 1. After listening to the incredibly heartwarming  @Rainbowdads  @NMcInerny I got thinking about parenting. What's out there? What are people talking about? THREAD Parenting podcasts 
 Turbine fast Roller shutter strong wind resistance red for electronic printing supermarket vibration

==

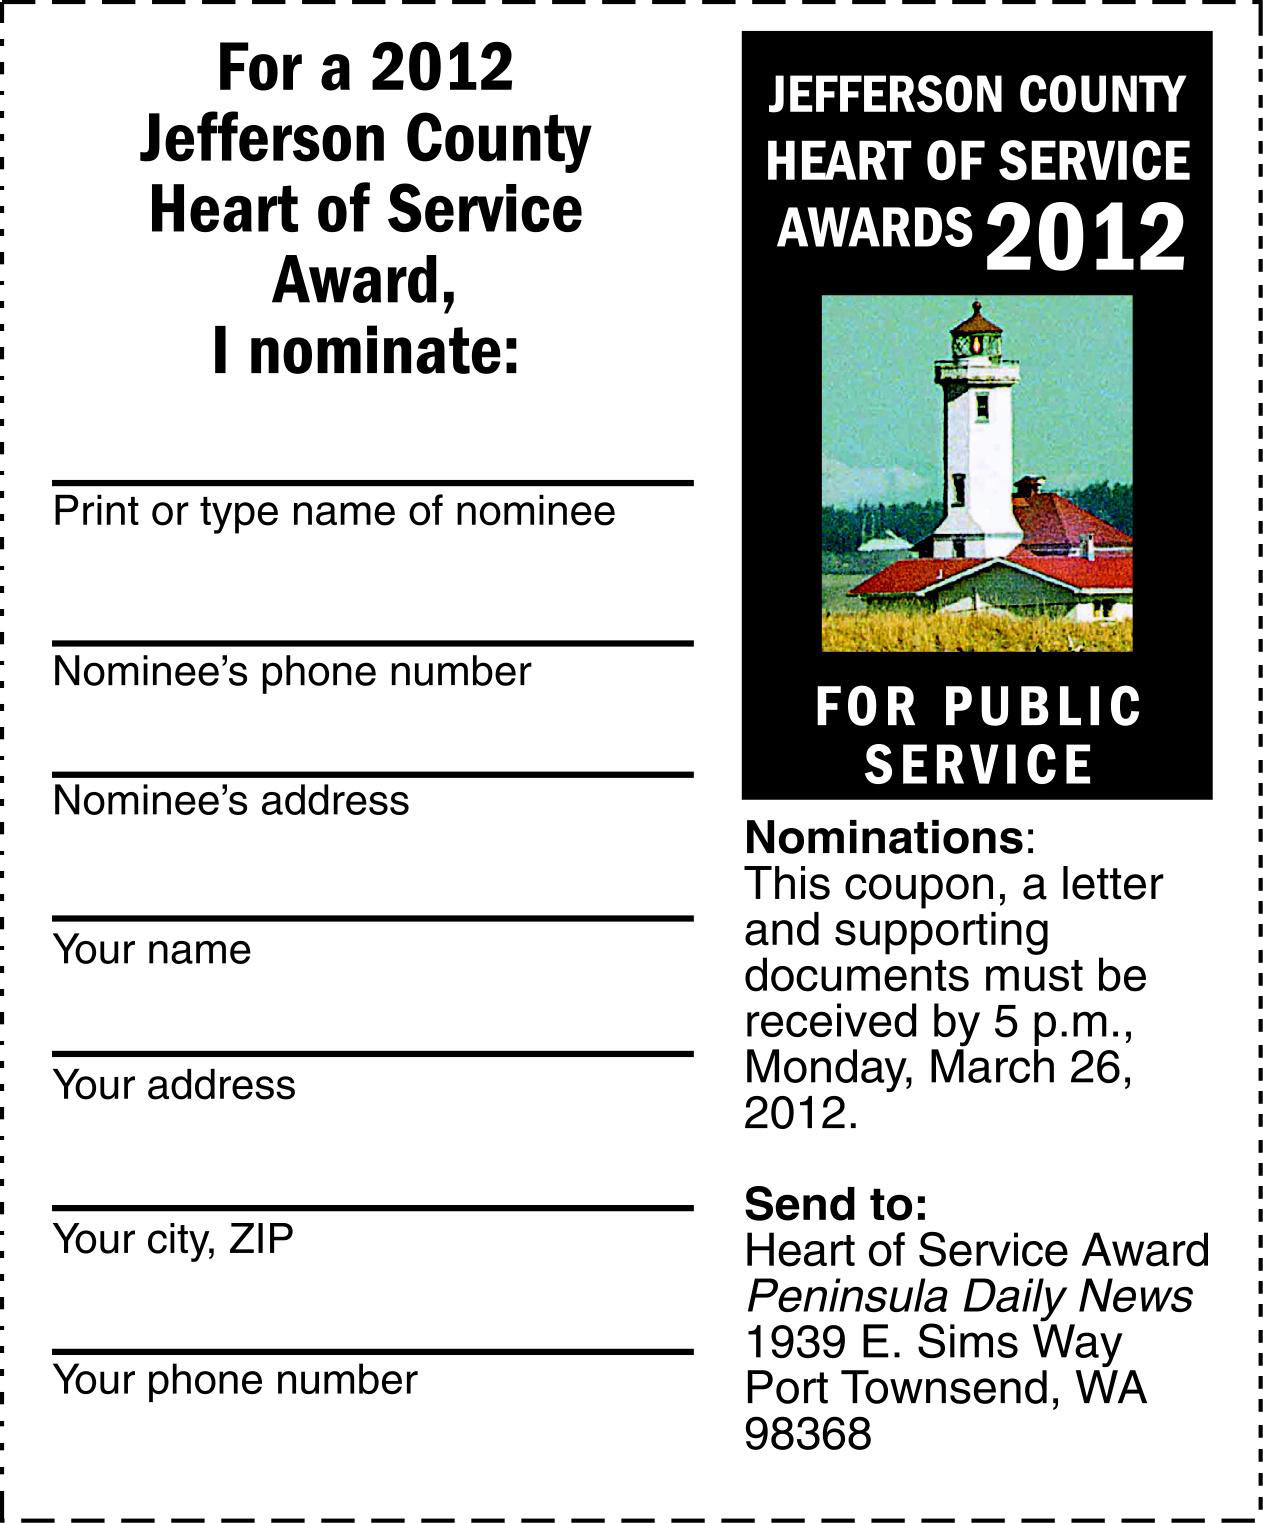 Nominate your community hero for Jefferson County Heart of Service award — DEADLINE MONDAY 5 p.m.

---

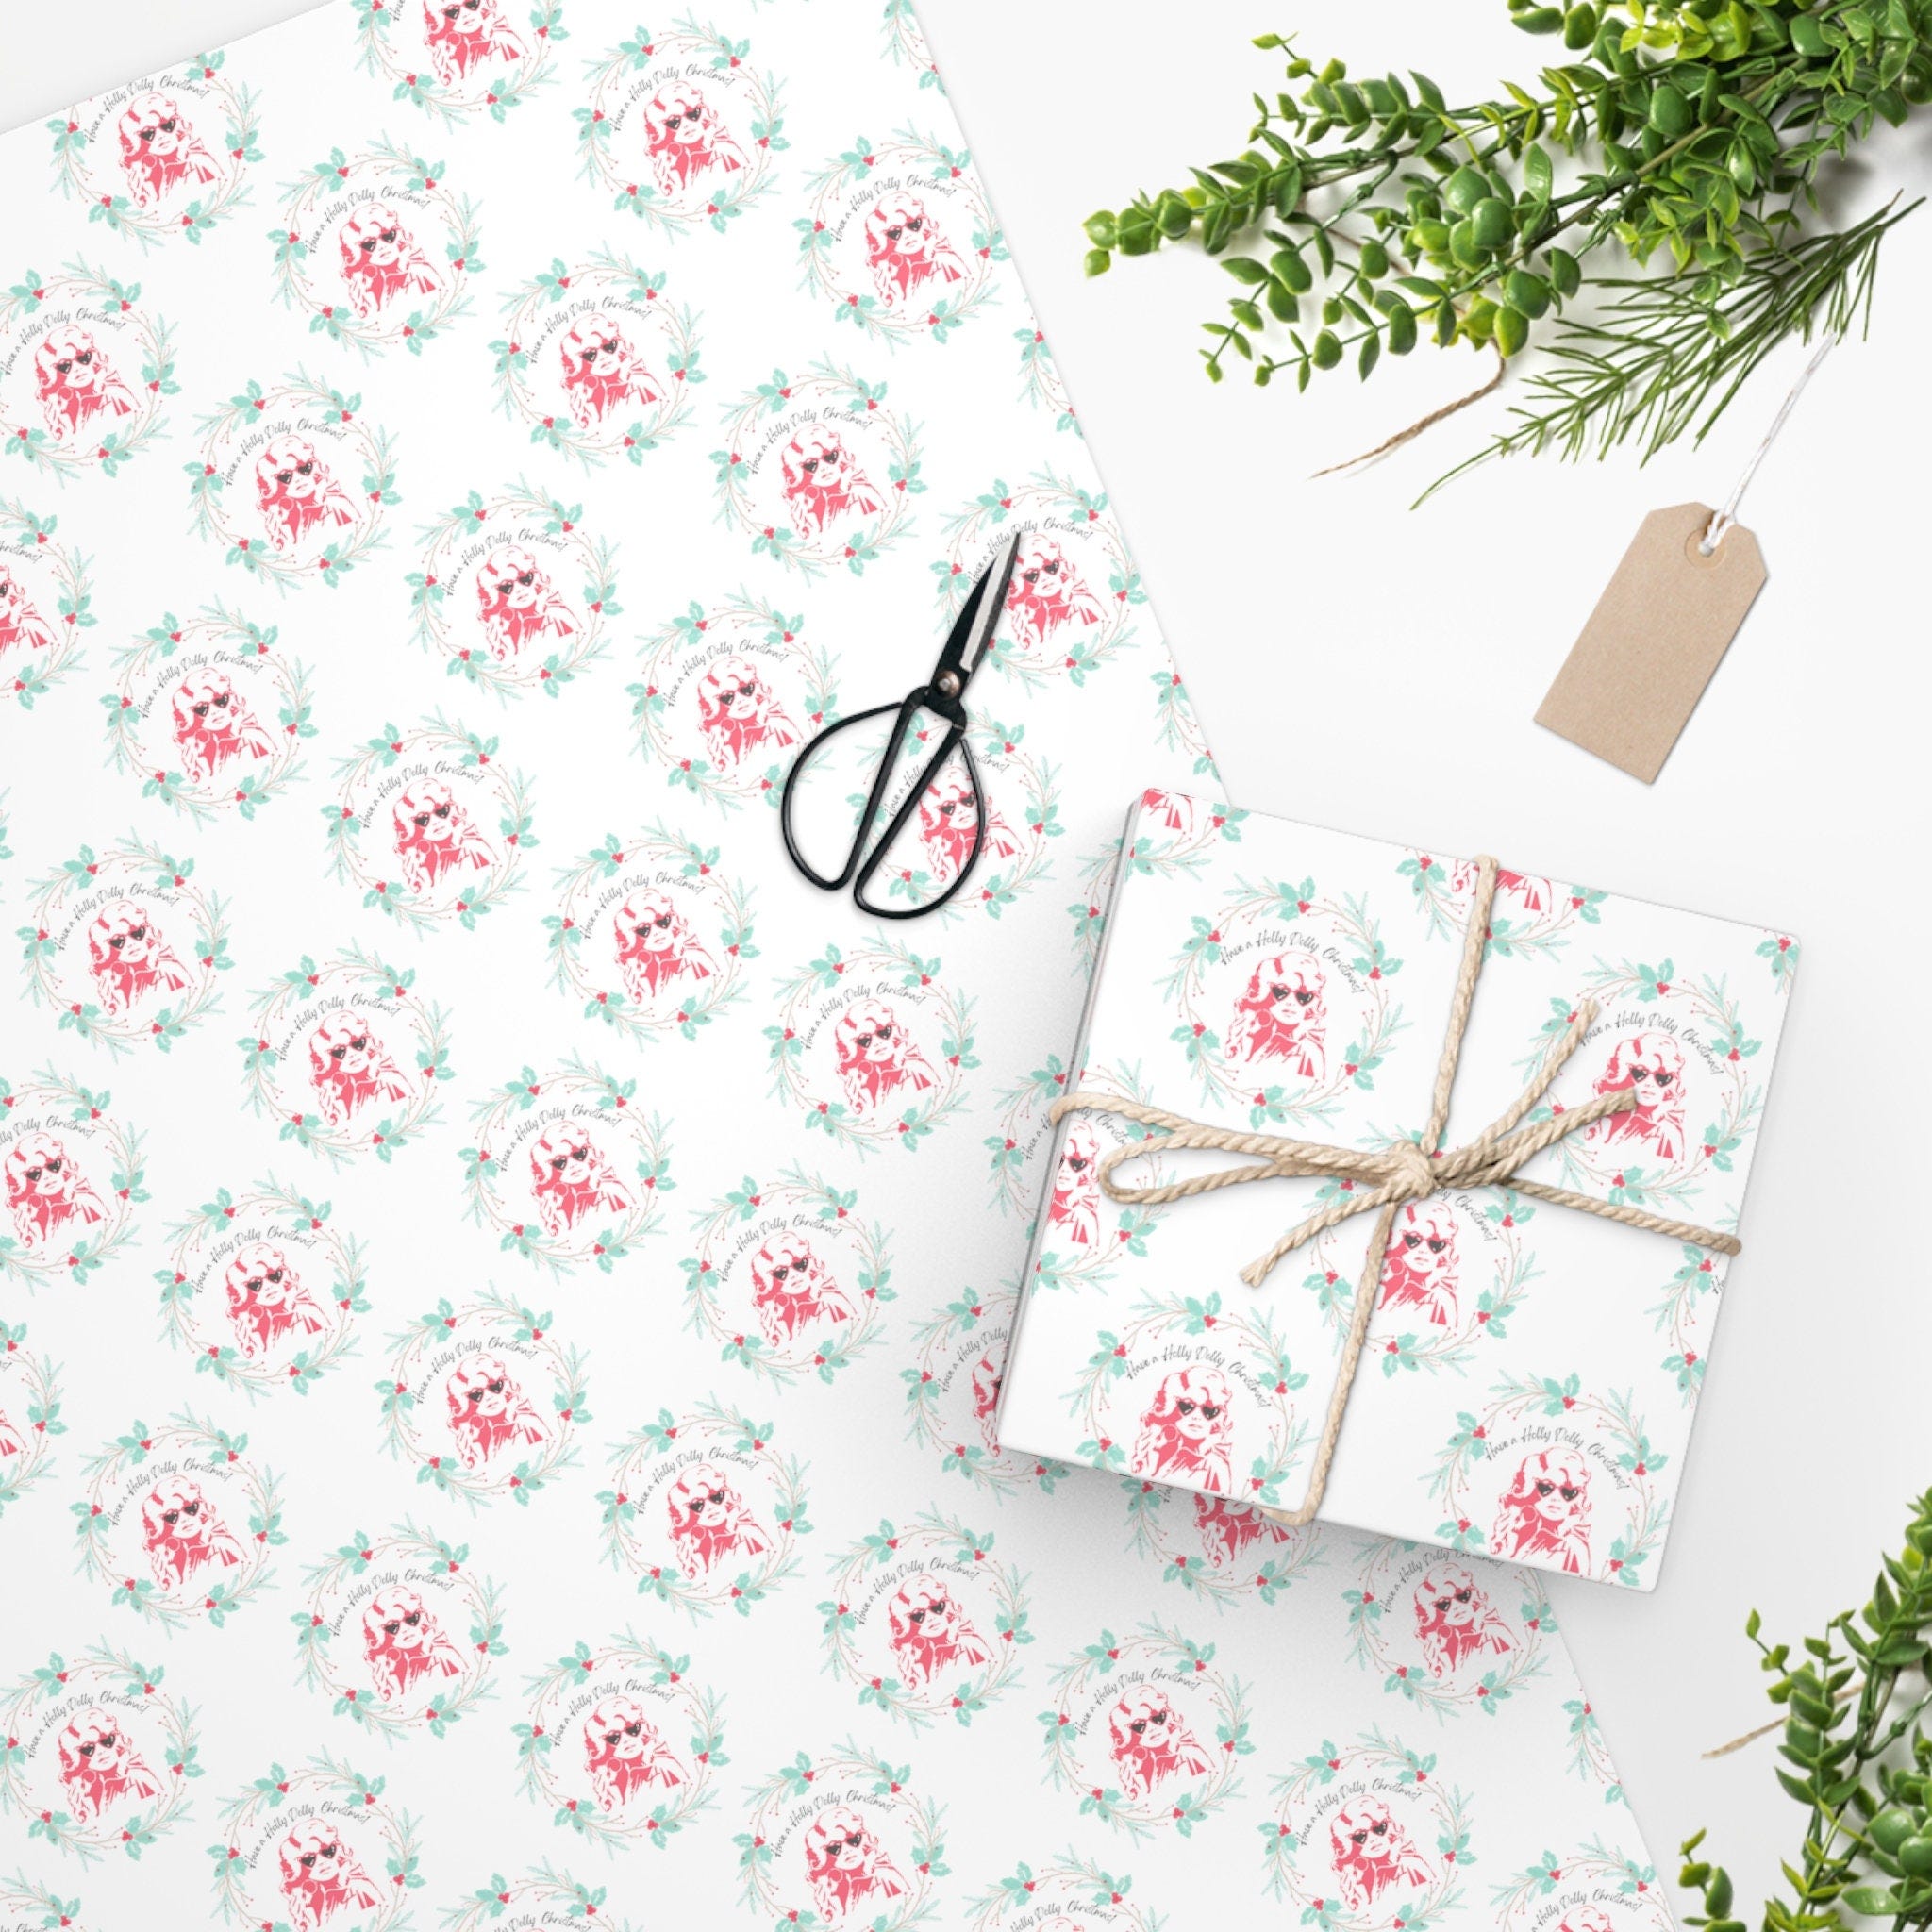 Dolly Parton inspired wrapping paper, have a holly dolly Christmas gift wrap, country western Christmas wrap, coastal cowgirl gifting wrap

* [WHAT IS EXPECTED]: Your answer must be the lines above from the one containing "1. After listening" to the one containing "Turbine fast Roller", both included, restated word for word.

* [TASK SOLUTION]:
 1. After listening to the incredibly heartwarming  @Rainbowdads  @NMcInerny I got thinking about parenting. What's out there? What are people talking about? THREAD Parenting podcasts 
 Turbine fast Roller shutter strong wind resistance red for electronic printing supermarket vibration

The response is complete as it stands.